If your transcriptions used nonsense English words, convert them to phones and then,
via a trie or longest common substring, into L-words:
- `./trie-$L.rb < trie1-scrips.txt > $L-trie-scrips.txt`.
- `make multicore-$L`; wait; `grep ... > $L-lcs-scrips.txt`.

### Typical results.

RUS_20160930 was transcribed in 67 minutes, 13 MB/min, **12x** faster than real time.
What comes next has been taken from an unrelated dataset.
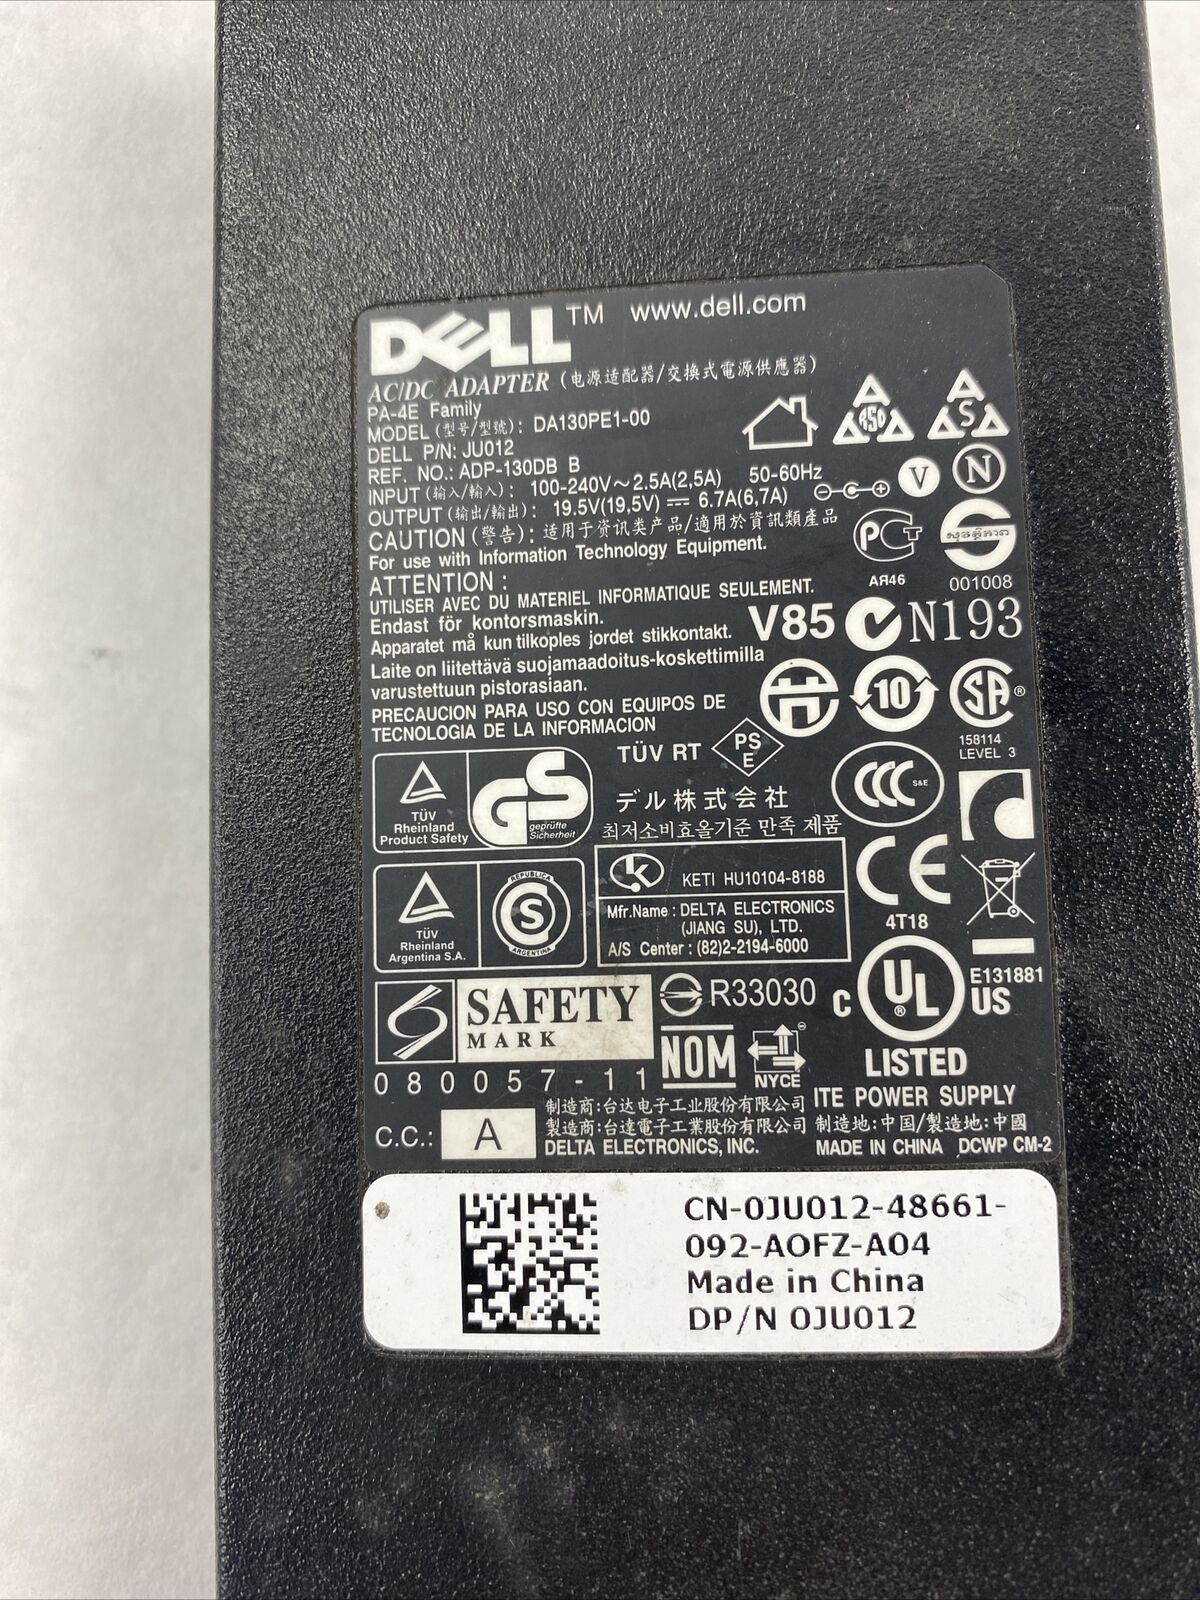 Dell JU012 AC Adapter Charger DA130PE1-00 19.5V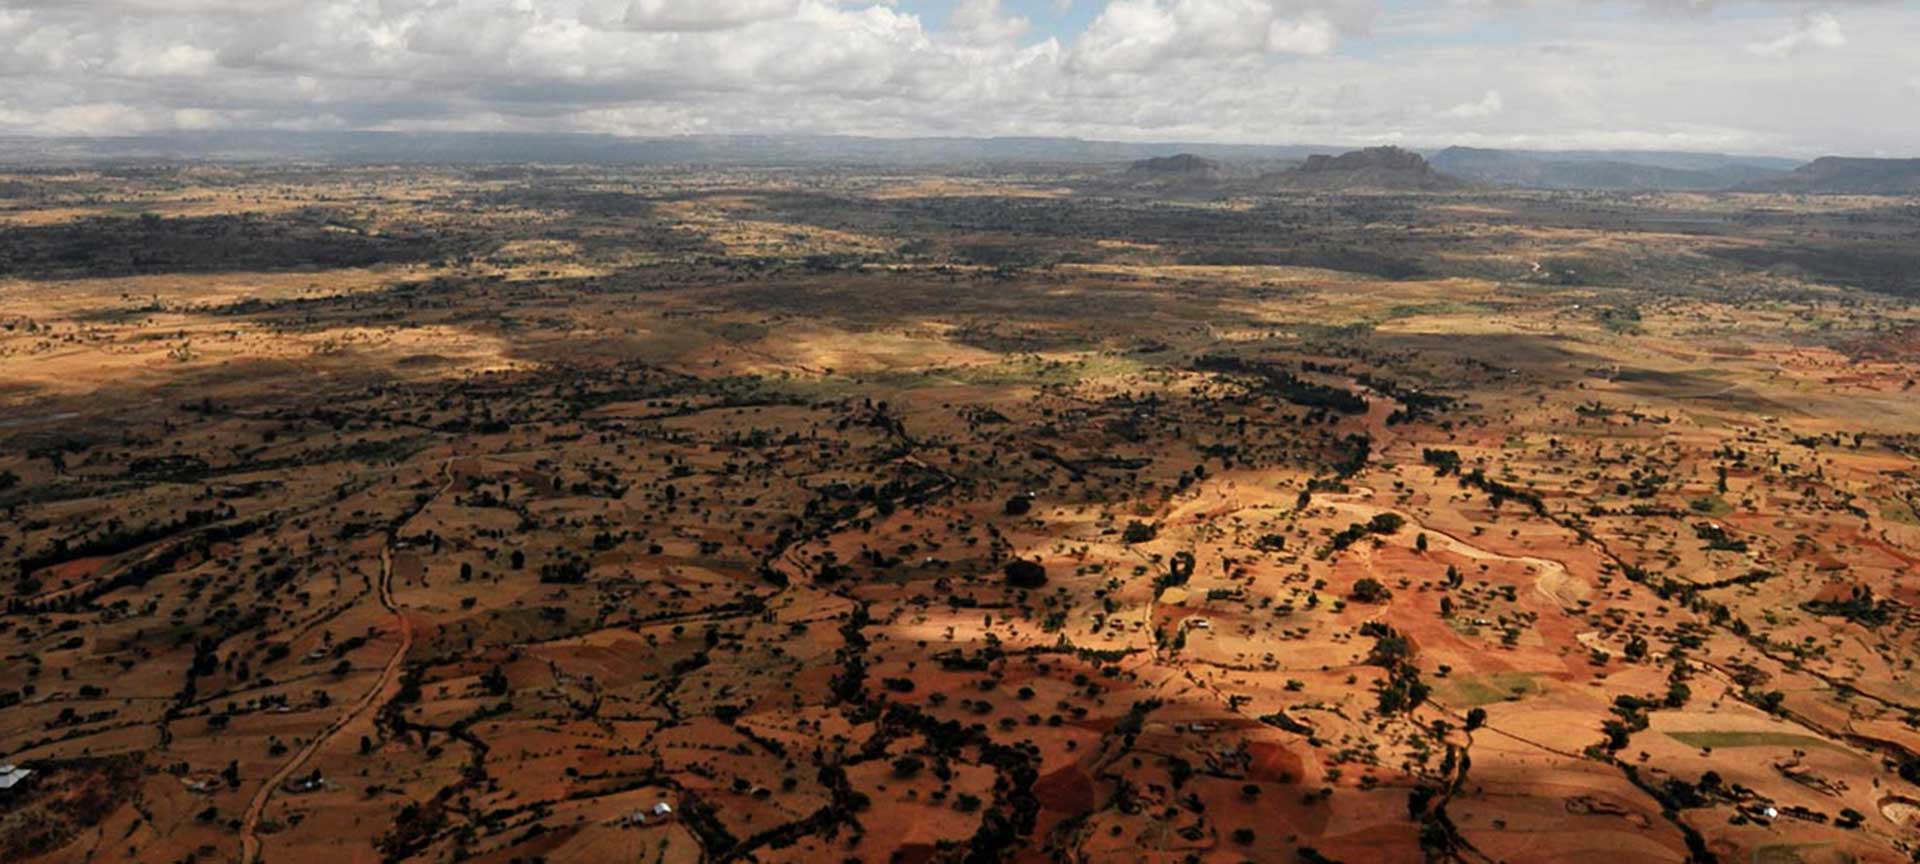 Landscape in Ethiopia

A 3.1 GB subset of Assam LDC2016E02 was transcribed in 440 minutes, 7 MB/min, **6.5x** real time. (This may have been slower because it exhausted ifp-53's memory.)

Arabic/NEMLAR_speech/NMBCN7AR, 2.2 GB (40 hours), was [transcribed](./arabic-scrips.txt) in 147 minutes, 14 MB/min, **16x** real time. (This may have been faster because it was a few long (half-hour) files instead of many brief ones.)

TAM_EVAL_20170601 was [transcribed](./tamil-scrips-ifp53.txt) in 45 minutes, 21 MB/min, **19x** real time.

Generating lattices `$L/lat/*` took 1.04x longer for Russian, 0.93x longer(!) for Arabic, 1.7x longer for Tamil.